#### What to do
With the images removed, transcribe the listing that follows exactly.

Dataset excerpt below:

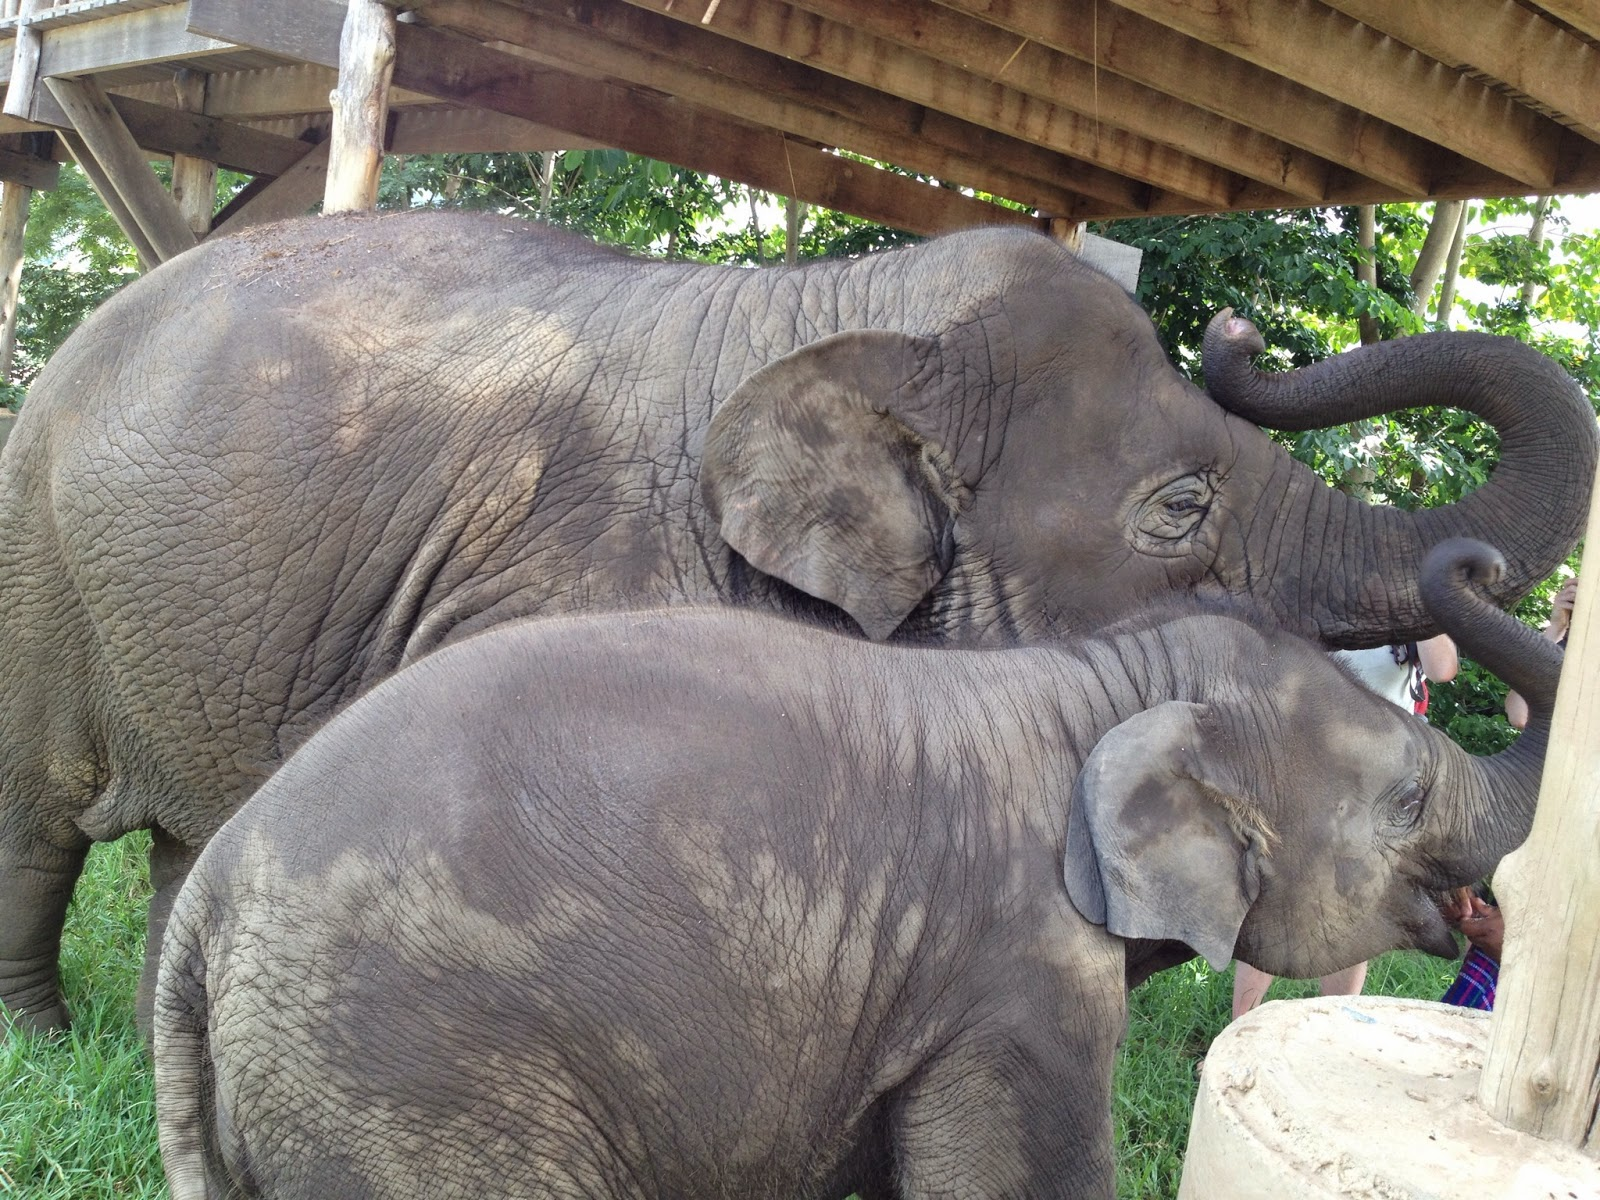 Chiang Mai - Elephants drying off and enjoying more fruit
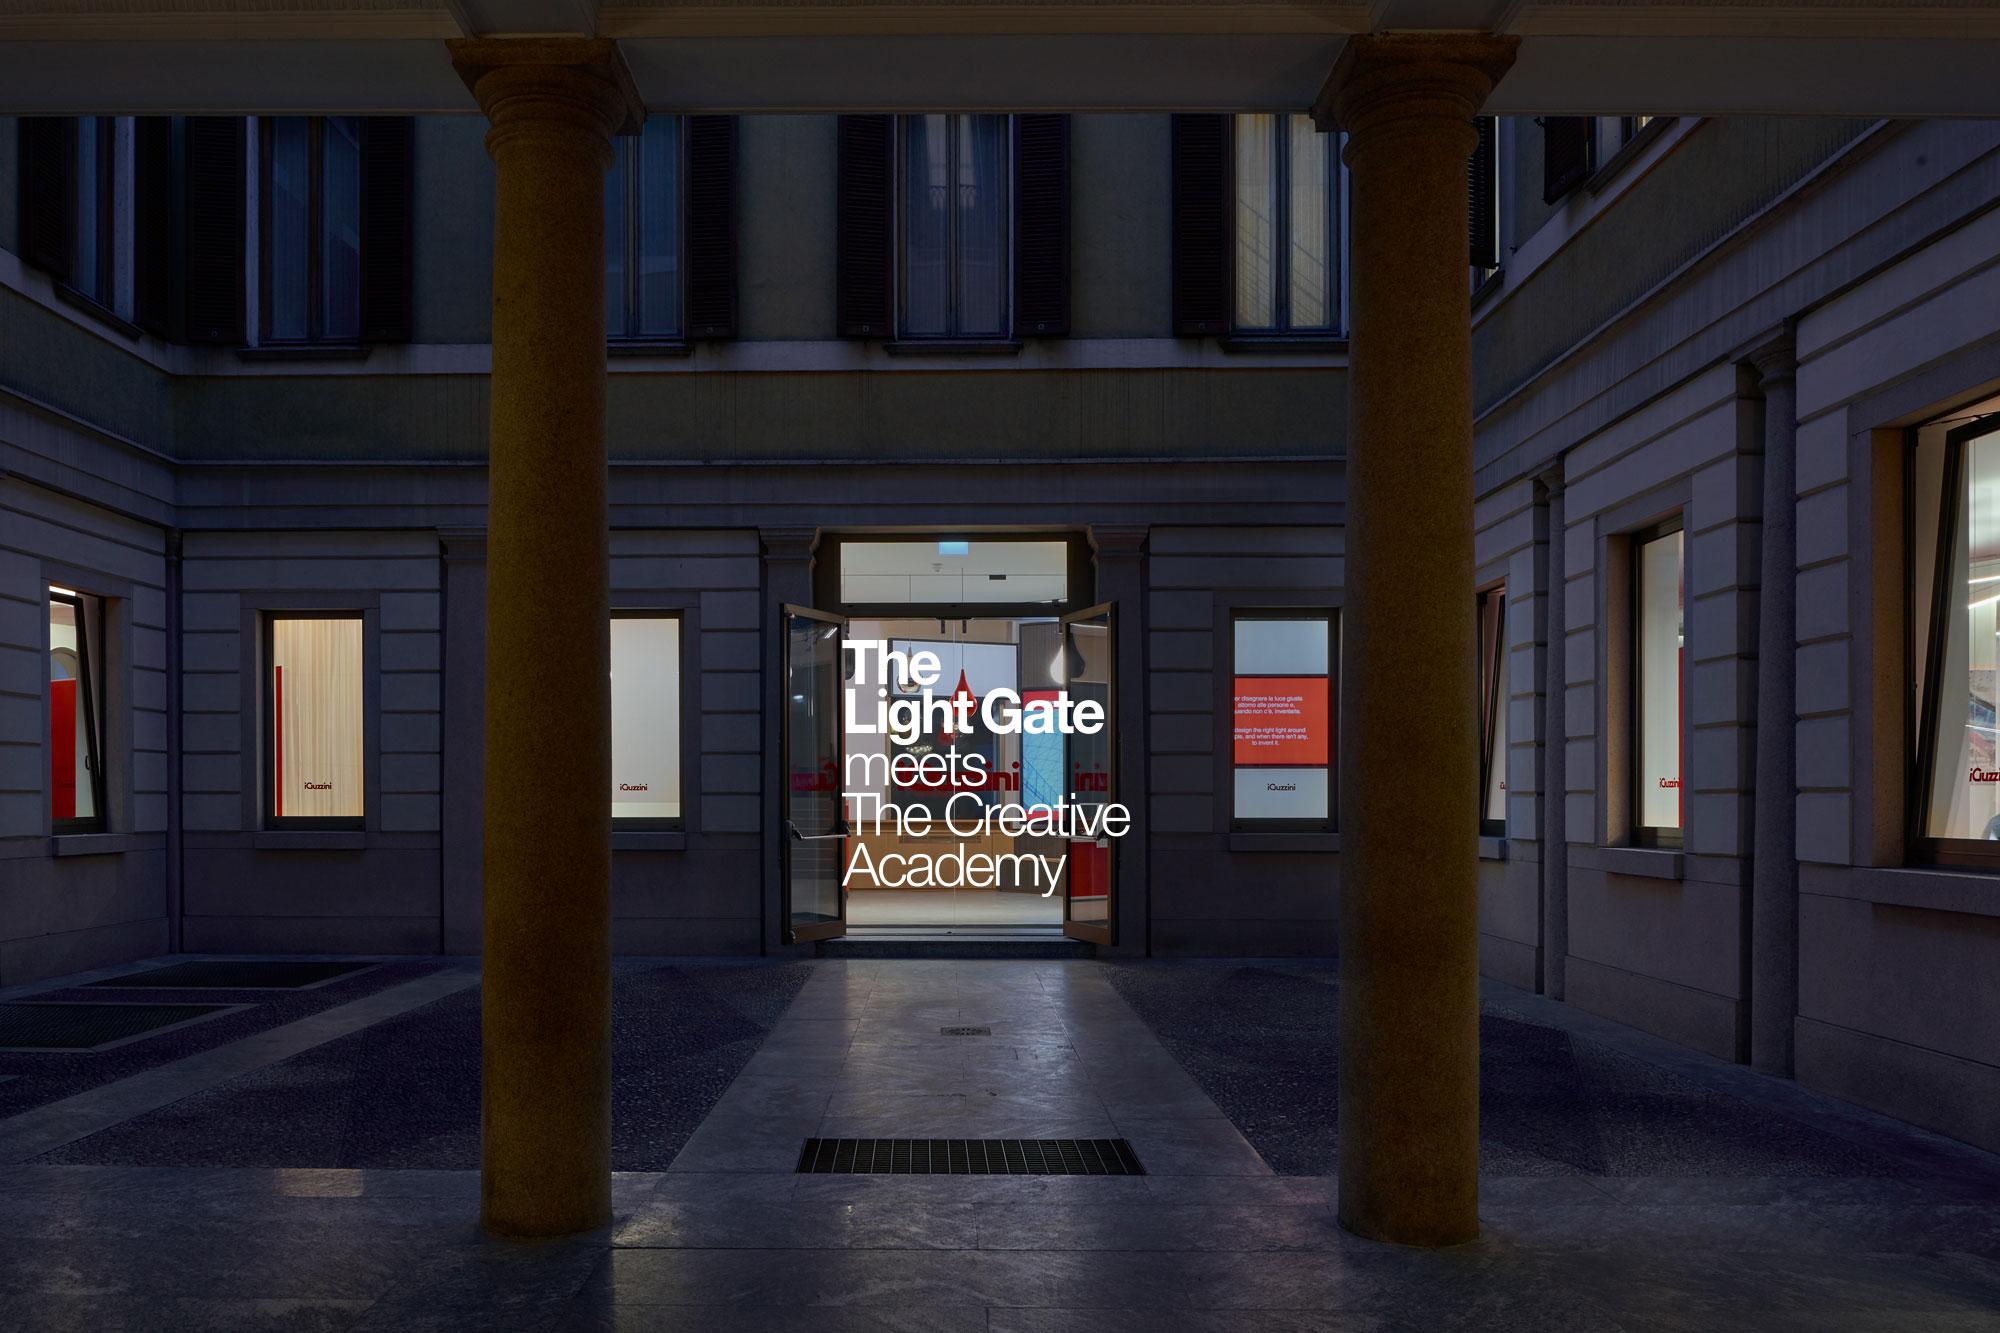 iGuzzini illuminazione und Creative Academy auf dem Fuorisalone 2019
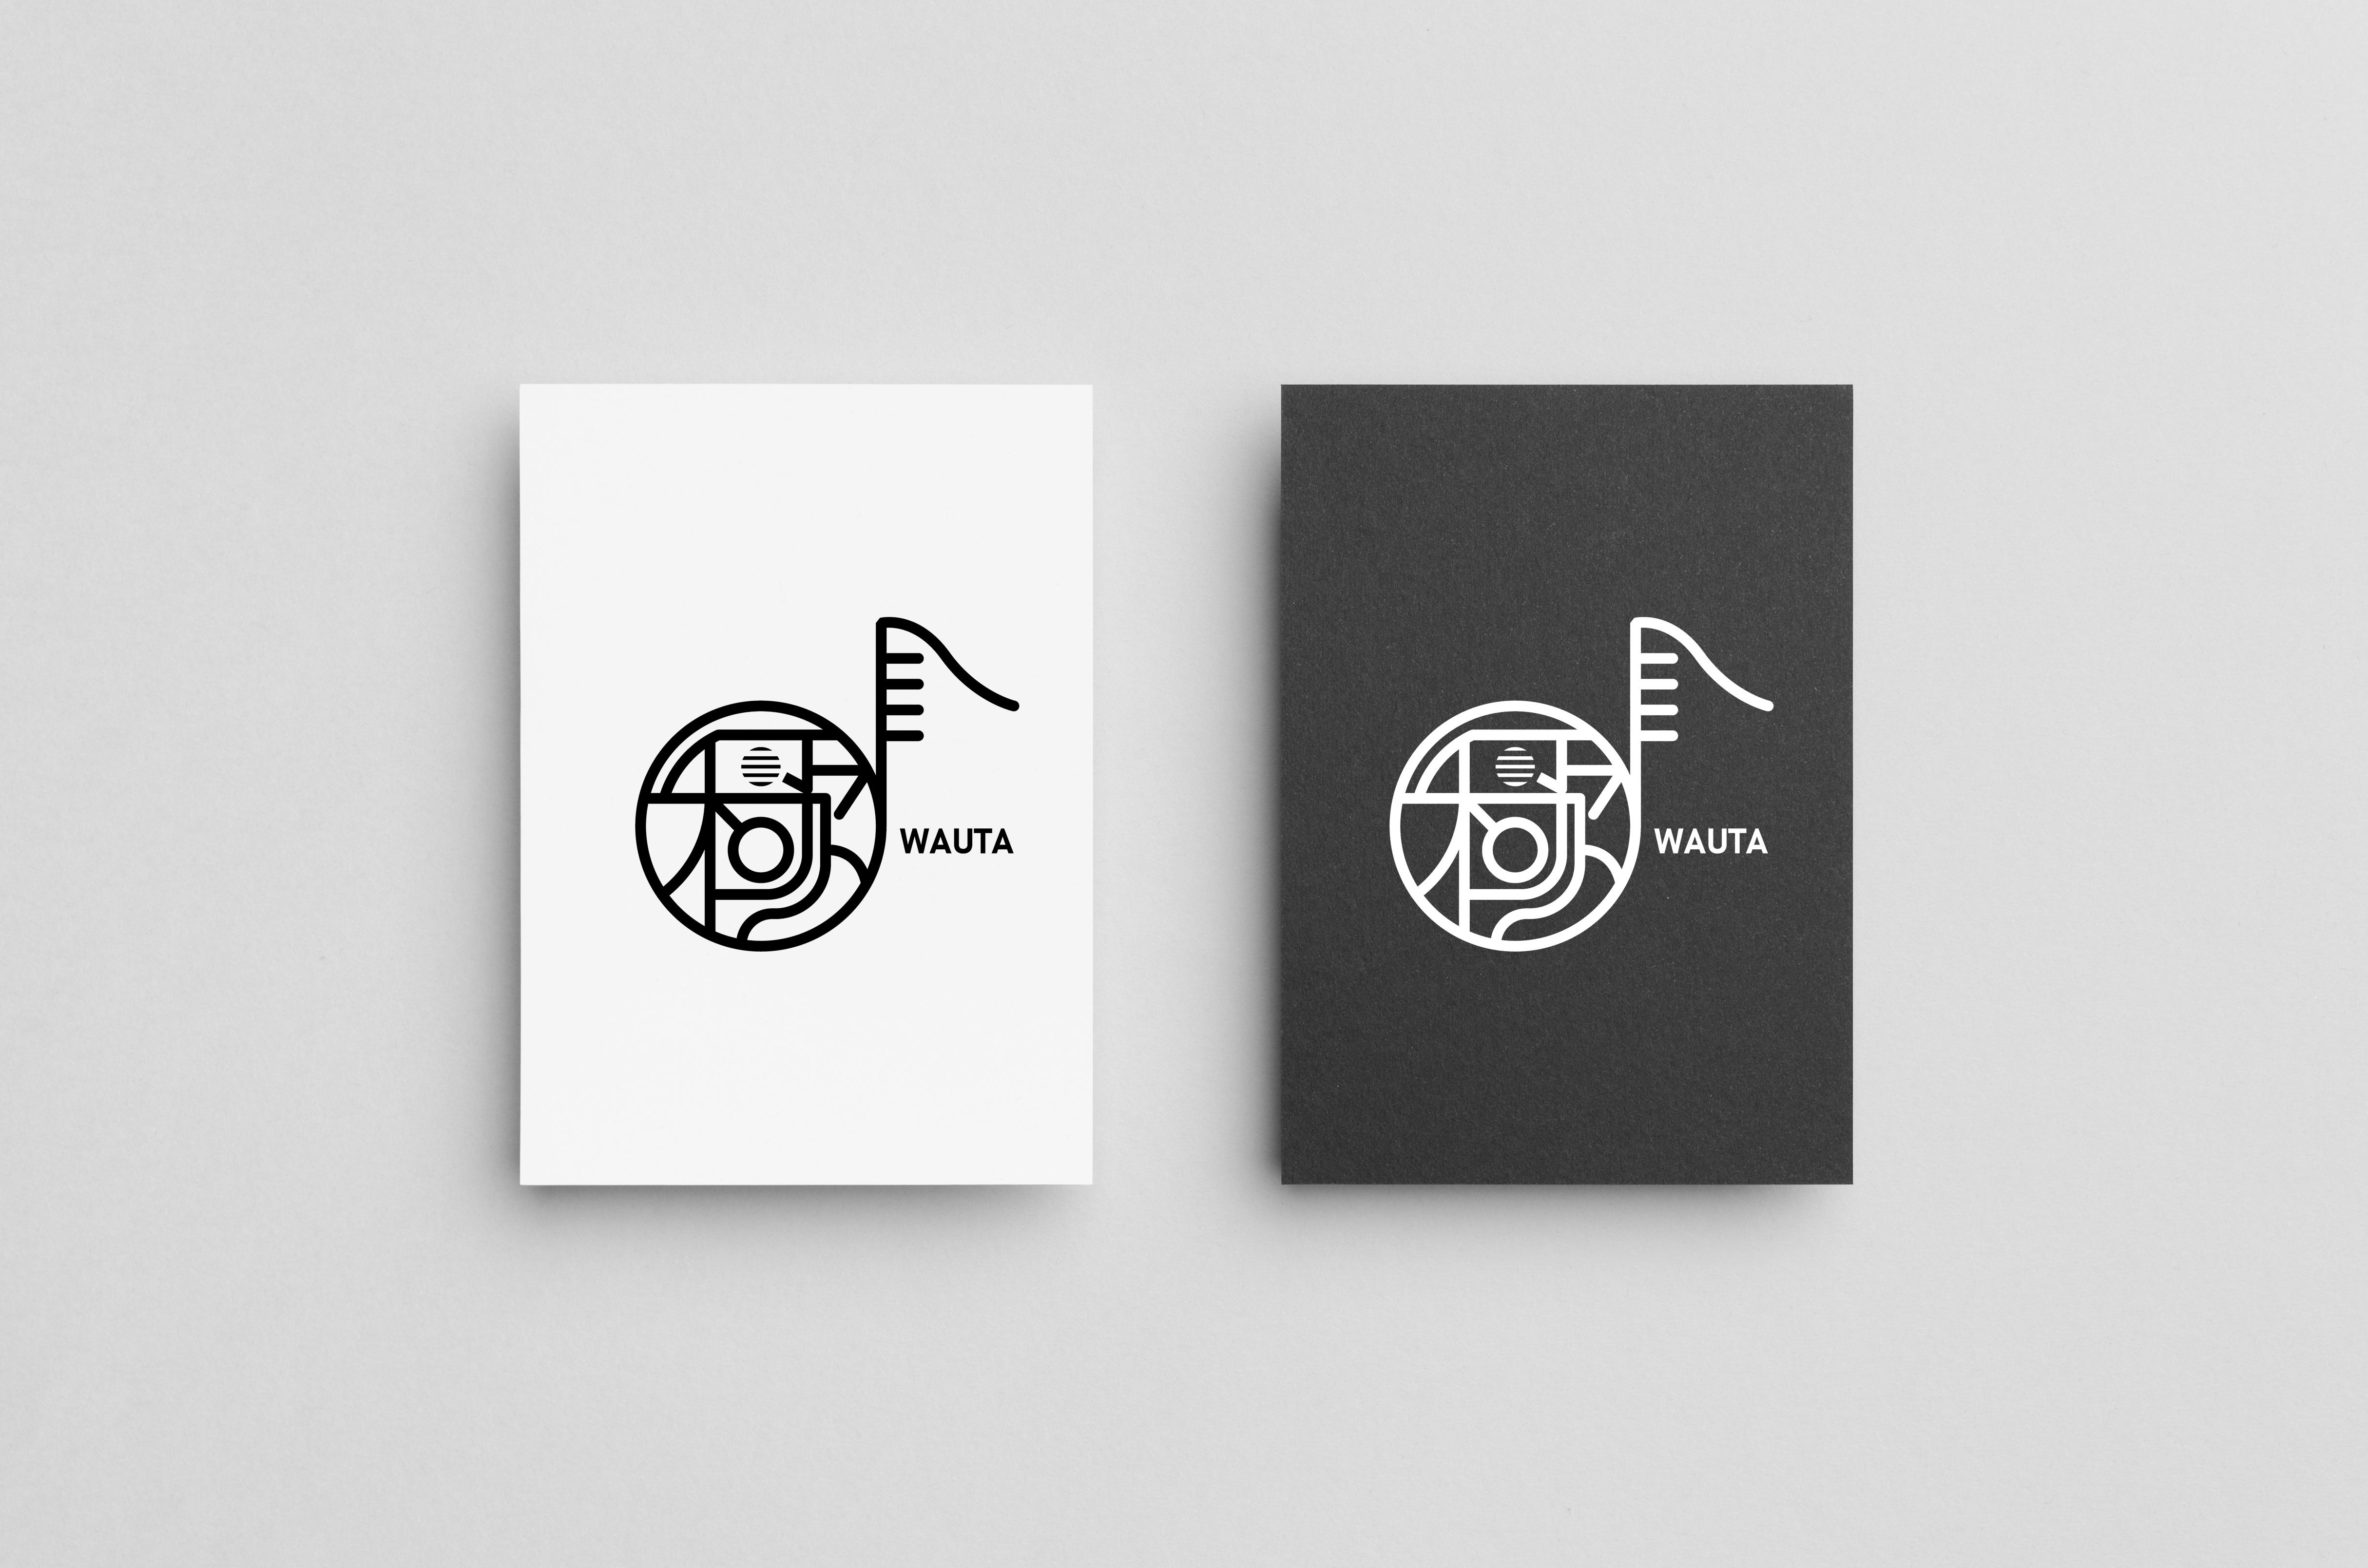 「WAUTA」ロゴデザイン

End of Dataset excerpt.

#### Answer for this exercise
 Chiang Mai - Elephants drying off and enjoying more fruit
 iGuzzini illuminazione und Creative Academy auf dem Fuorisalone 2019
 「WAUTA」ロゴデザイン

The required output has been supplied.